Mr PICTON: Well, that you are disallowing the regulations.

Ms REDMOND: Point of order, Deputy Speaker. The member for Kaurna is alleging that I asserted that I wanted to remove all regulation on solaria in South Australia. I have never said that. My motion is to disallow the currently proposed regulation. If the member for Kaurna cannot actually understand what it is that I am moving then I wonder why he is making a contribution at all.

The DEPUTY SPEAKER: Yes; we are not sure what point of order you are raising.

Mr Gardner: 137.

The DEPUTY SPEAKER: 137; we are still not sure it is a point of order, but we will draw the member for Kaurna back to the debate and ask him to be careful.

Mr PICTON: Absolutely, Deputy Speaker. There are regulations that this government has put in place to ban sunbeds in South Australia. The member for Heysen is coming in saying, 'Let's get rid of those regulations.' I do not understand how it could be any different from that. You are saying that we should remove those regulations that ban sunbeds.

Mr Gardner: The Deputy Speaker is not saying that, Chris.

The DEPUTY SPEAKER: We are just asking that there be no interjections. That is what I am asking, so if we could just listen to the member for Kaurna we can get some rulings.

Mr PICTON: Well, let us look at the evidence. The evidence says that the risk of melanoma increases by 75 per cent if the use of tanning devices starts before the age of 30. Research also indicates that the use of solaria increases the risk of health effects on users. Overexposure to UV radiation serves a central role not only in the development of skin cancer but also in eye conditions and suppression of the immune system; so, we have a device that is enormously damaging to the people who use it, particularly young people. One in six melanomas in Australian young people aged 18 to 29 years would be prevented if solariums were shut down. This is a regulation that will save lives in South Australia.

We only have to look at the evidence from other states to see that it is not just this government and not just this state that is moving in this direction, but Labor and Liberal governments across the nation are moving in this direction. In February 2012, the New South Wales government announced it would ban commercial solaria from 31 December 2014. On 13 December 2012, the Victorian government announced it would ban commercial solaria from 31 December 2014. In October 2013, the Queensland government announced a ban on commercial solaria effective 1 January 2014.

So, it is not just Labor, it is not just South Australia, it is states across the country and it is Labor and Liberal who are moving on this, just not the member for Heysen. The member for Heysen says this is all a matter of regulation, it is all a matter of process that she has brought this matter to debate. I completely object to that. I think that this is really part of her libertarian agenda that she wants to bring to this place. She is anti regulation and anti good regulations like these that can have a positive effect on the health of South Australians.

Members interjecting:

The DEPUTY SPEAKER: Order! One speaker only, thank you.

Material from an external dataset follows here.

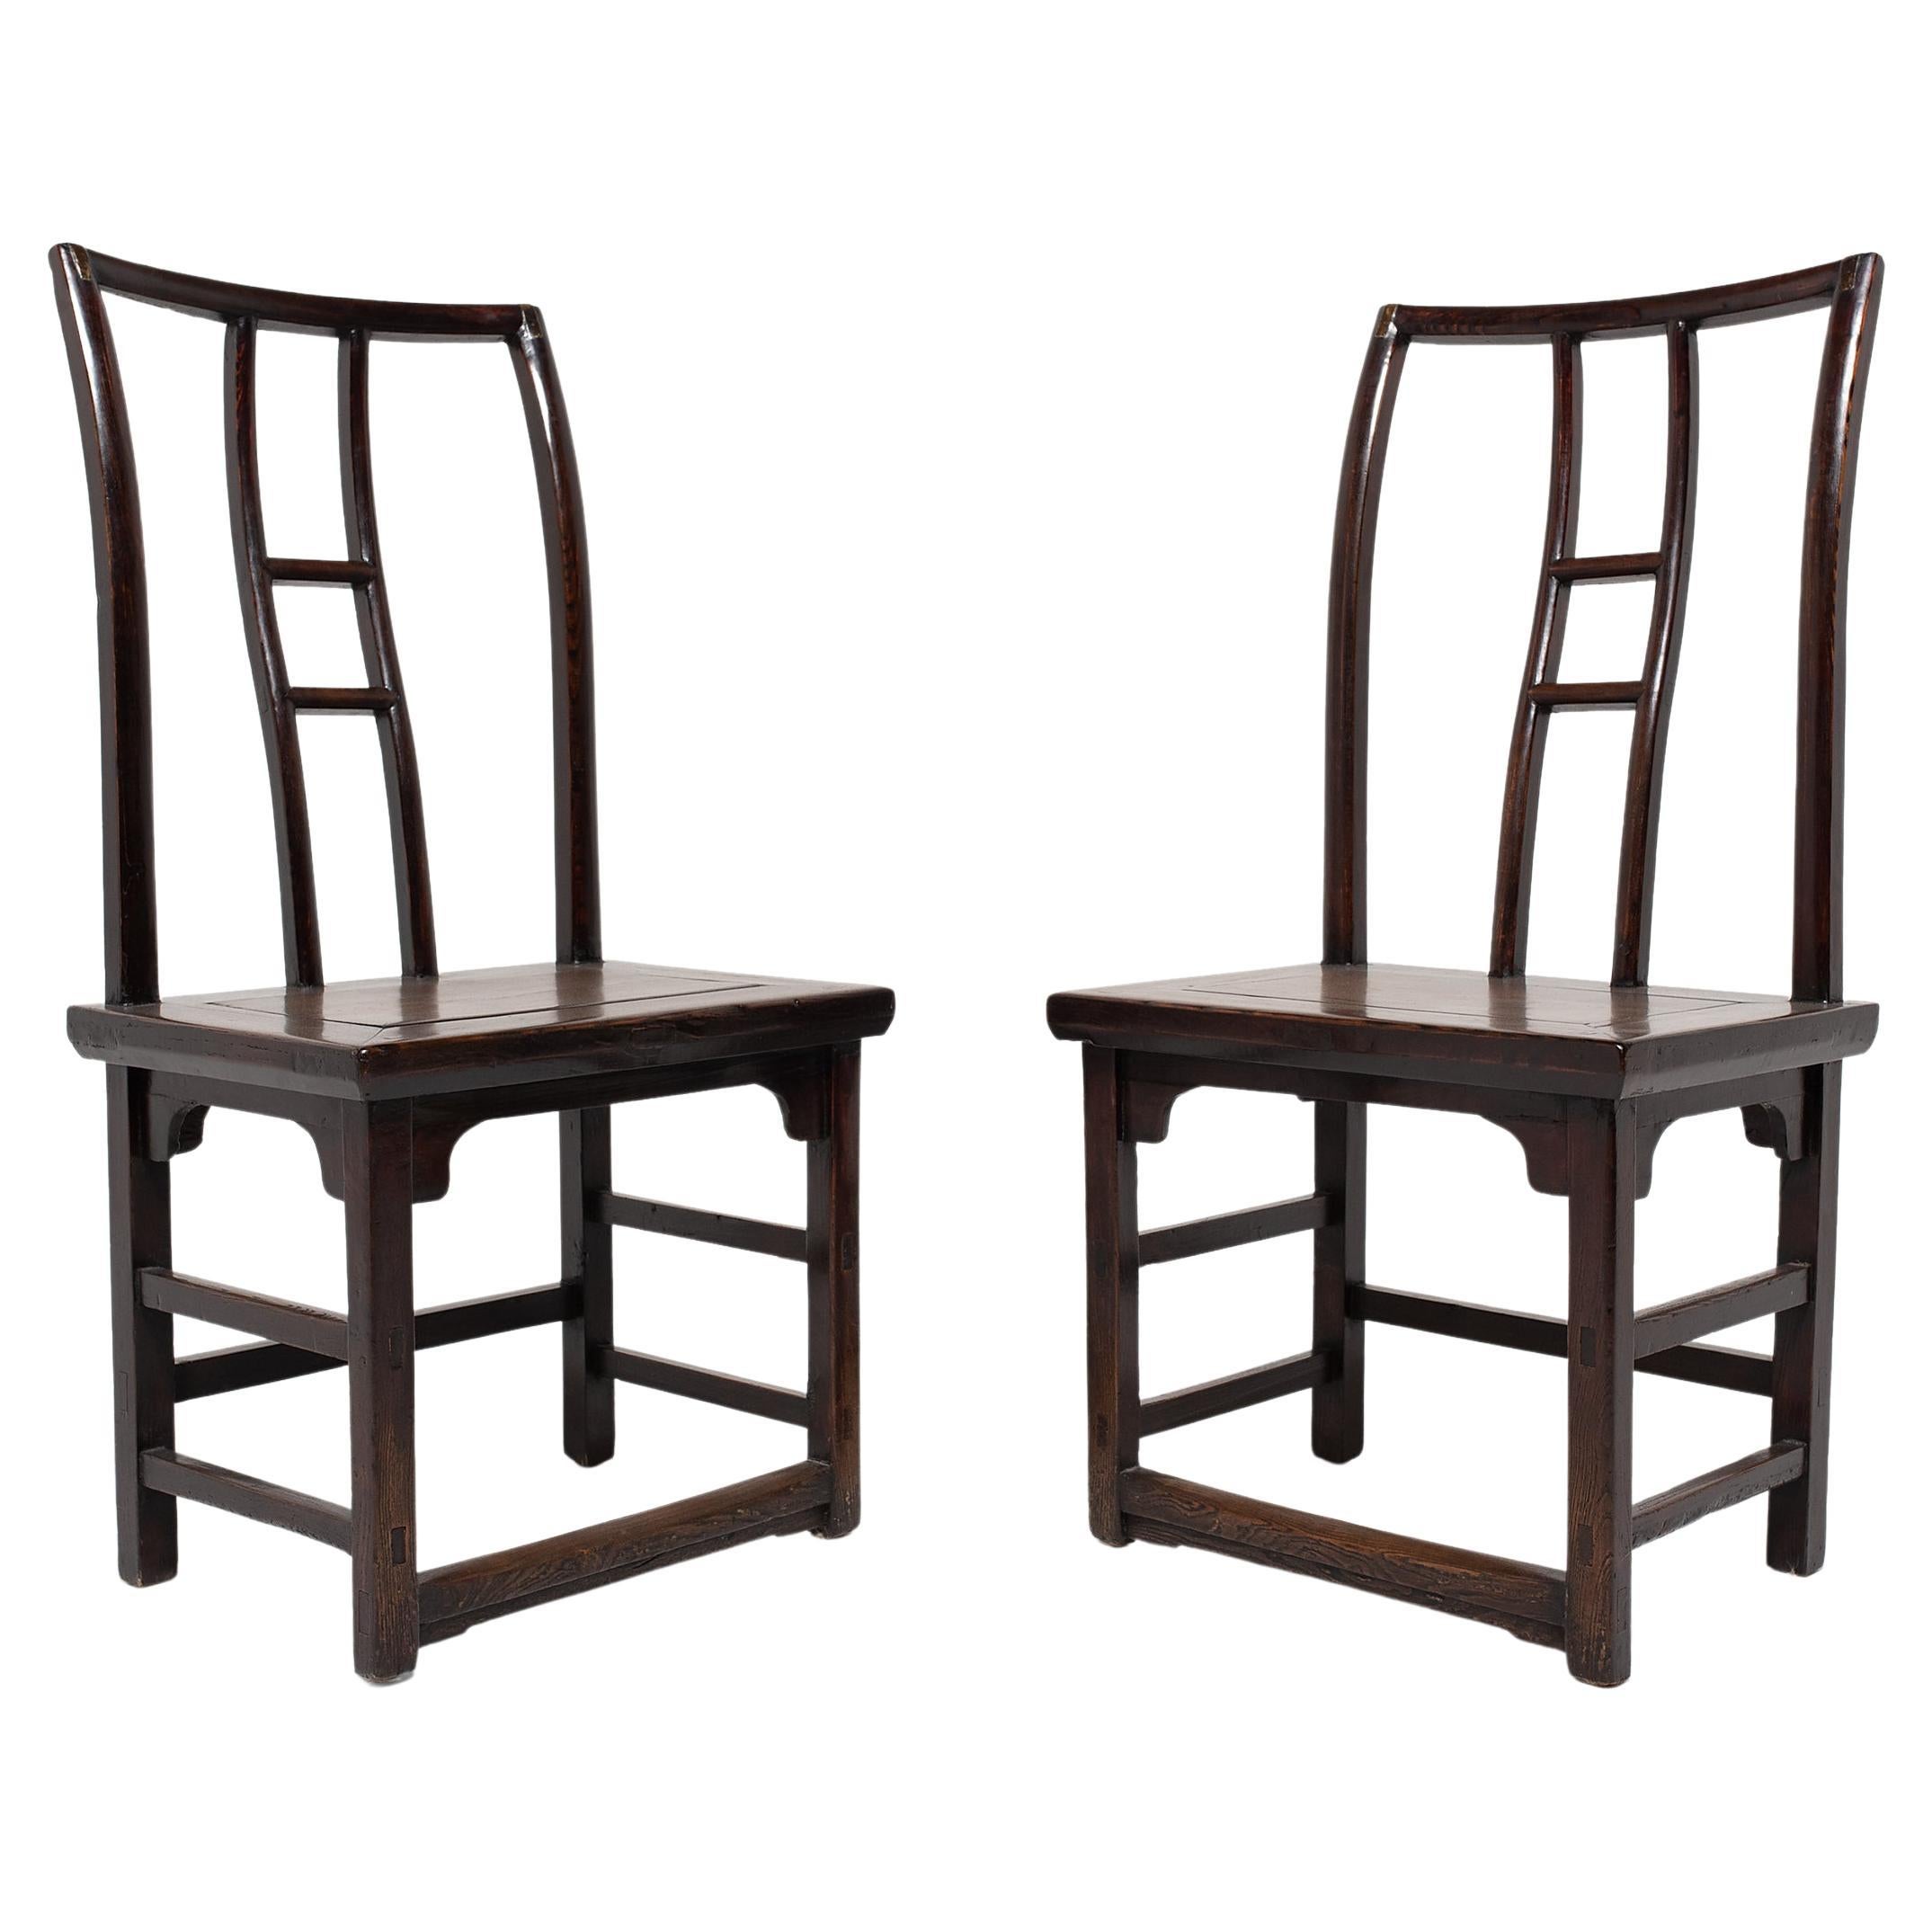 Pair of Chinese Lacquered Tall Back Chairs, c. 1850
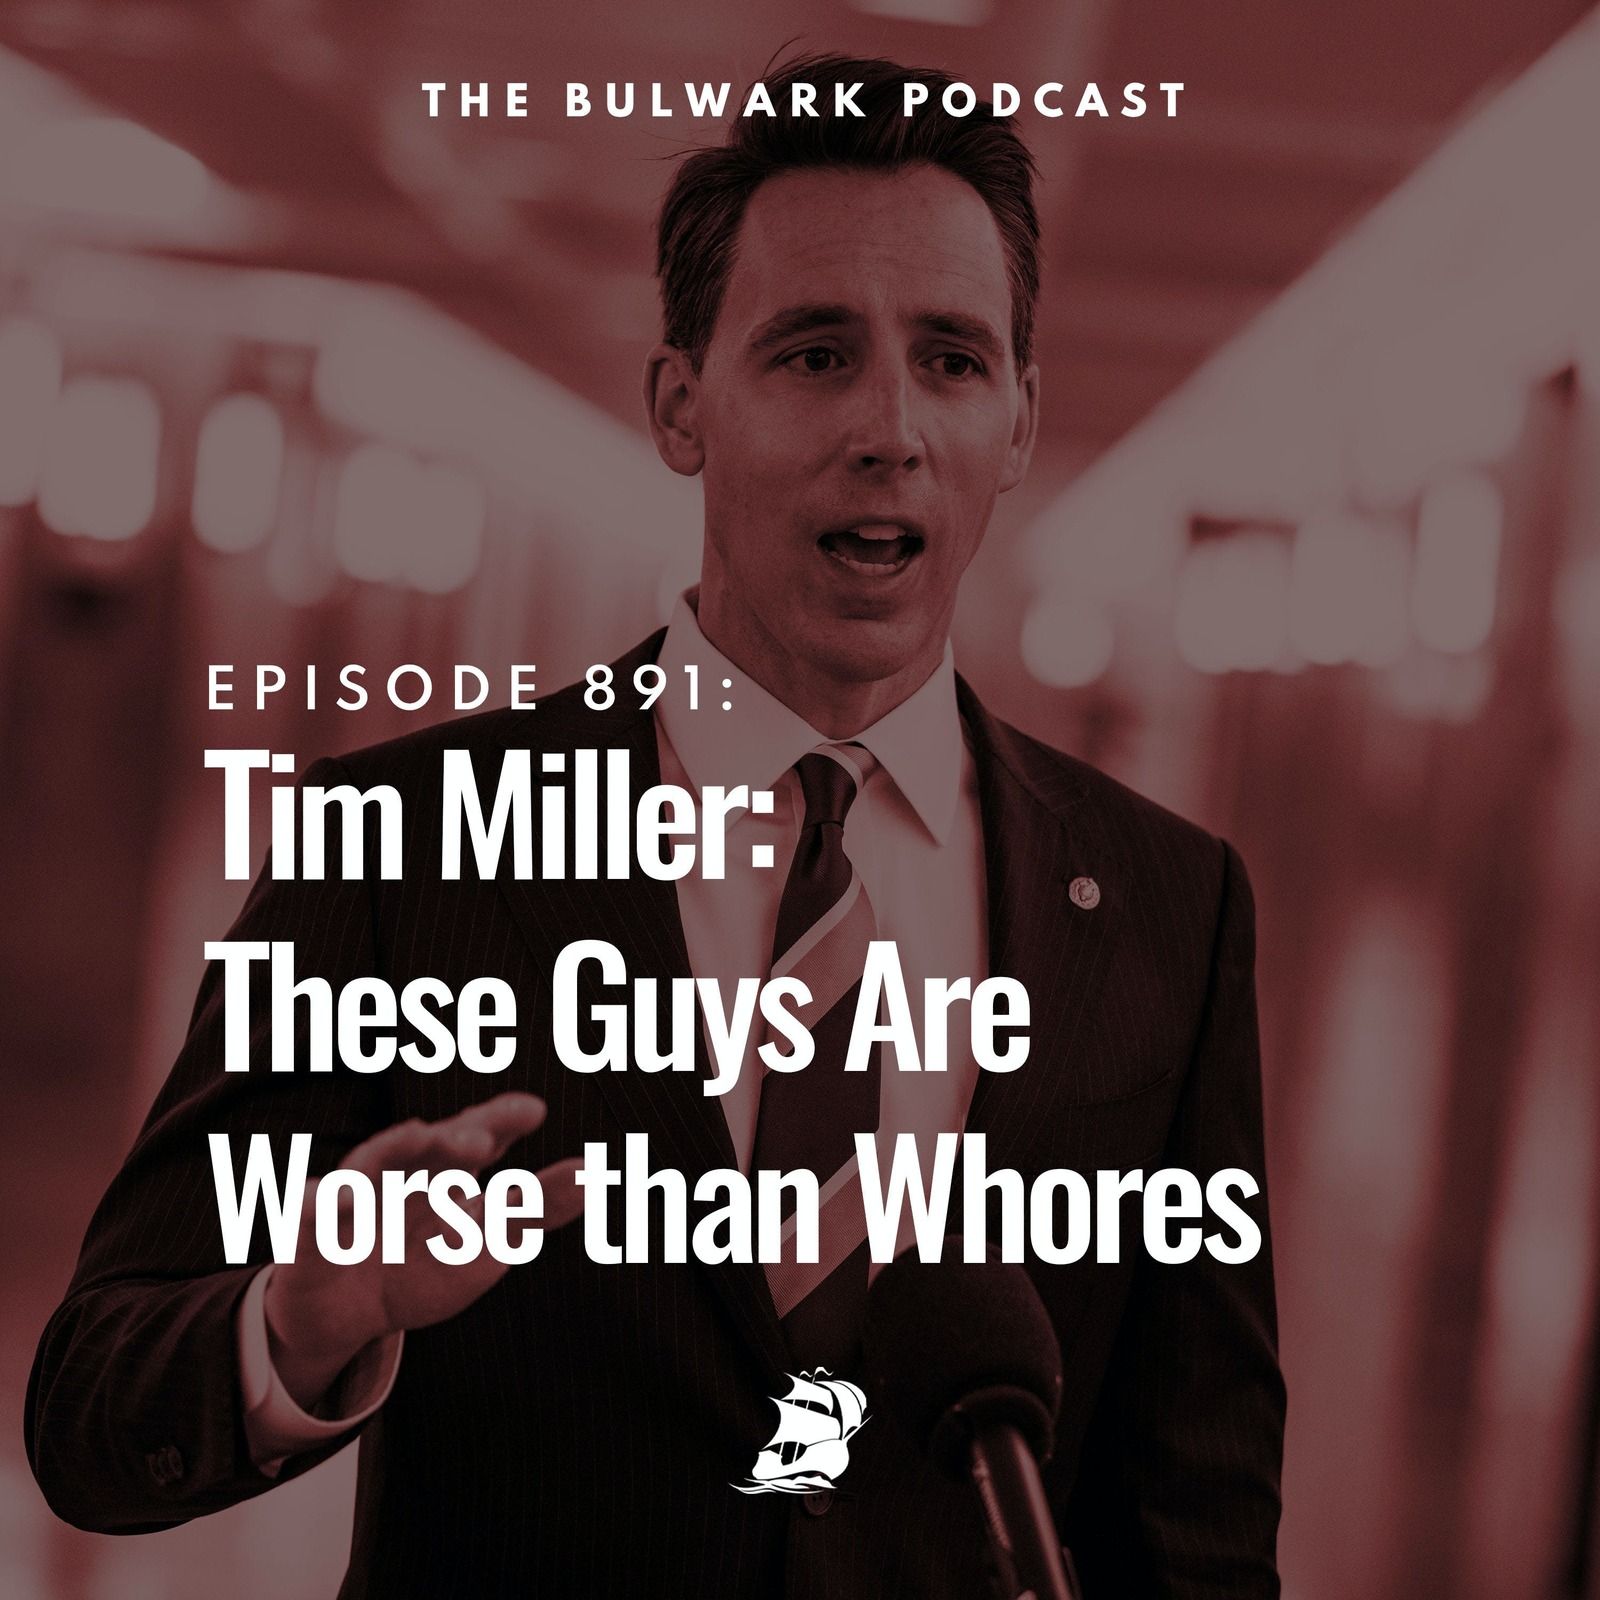 Tim Miller: These Guys Are Worse than Whores

Mr PICTON: I think this is the danger when people talk very broadly about reducing red tape. I am supportive of reducing red tape when it is in the right circumstances. Yesterday in this house, we saw a bill to remove red tape for travel agents. There has been a very old piece of legislation dealing with travel agents that is not needed any more so this government is bringing forward legislation to remove that. Here we have a regulation that will actually save lives, and the member for Heysen is bringing forward a proposition to remove that regulation.

Removing all regulation is not good. There are some very good regulations that this parliament needs to support in a bipartisan manner, and I think it is really embarrassing to see the depths to which the member for Heysen has fallen in this place. Only weeks ago we were discussing and debating, and the Speaker was deliberating, whether she was going to be referred to a privileges committee over her scandalous assertion that the Electoral Commissioner was corrupt, and now we are seeing this—

Mr PENGILLY: Point of order, Madam Deputy Speaker.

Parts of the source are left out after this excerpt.